I know this is a response to a pretty early comment, but I just feel obliged to point out that in 1e, it was very expensive and time-consuming to make magic items, and in addition, you risked Constitution loss for permanent items. Not only that, not all high-level casters could enchant items; a magic-user needed the right spells (and back in those days, you got very few spells as you advanced, so it was by no means a sure thing that you'd have
Enchant an Item and
Permanency).
EDIT: My 1e books are at my girlfriend's house or I'd look up time and cost, but I think it's days to weeks to craft an item, and generally pretty expensive to boot.
Anyway, on another subject:
The author wanted to find out if he could grab a module and run it without writing up a conversion document. (Something I've been doing for Goodman Games modules in Pathfinder for a while).
Short answer: probably not.
Longer answer: See post on why the math doesn't align well.
Well, I'm not so sure, given either:
A. A willingness to quickly swap in the 5e stat blocks of monsters; or
B. A simply, easy-to-remember numeric formula for monsters-by-level like 4e had.
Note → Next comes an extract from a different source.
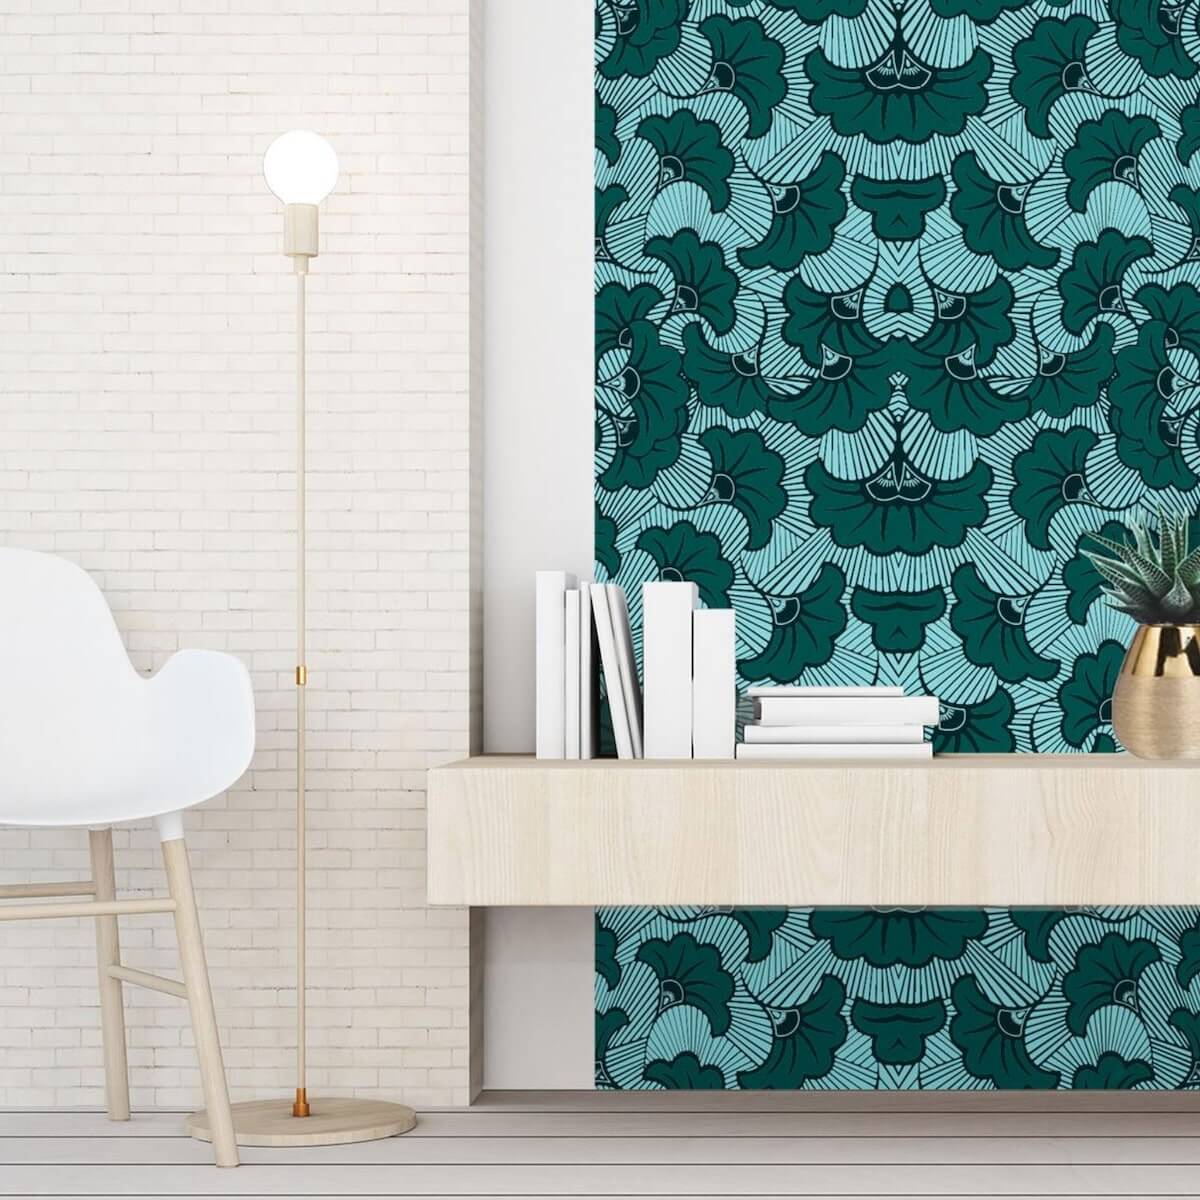 An original wall covering with wallpaper (1)

The same argument seems to imply you can't just pick up a, for instance, Basic D&D module and run it off the cuff for a later edition, but I've done just that with B4: The Lost City, in both 3e and 4e. Thanks to 4e's easy monster formula, I had no trouble winging appropriate stats for monsters not in the 4e books (oil beetles, freaky hallucinating cultists, etc).
I ran several other modules the same way in 4e, including Box of Flumph (a 3e adventure) and little bits swiped from other modules. I would say that 4e 'changes the math' more than any other version of D&D from Basic, so it's fair to compare and say, "I could do it then; if 5e works well, it should be easy enough to do it in a couple of months."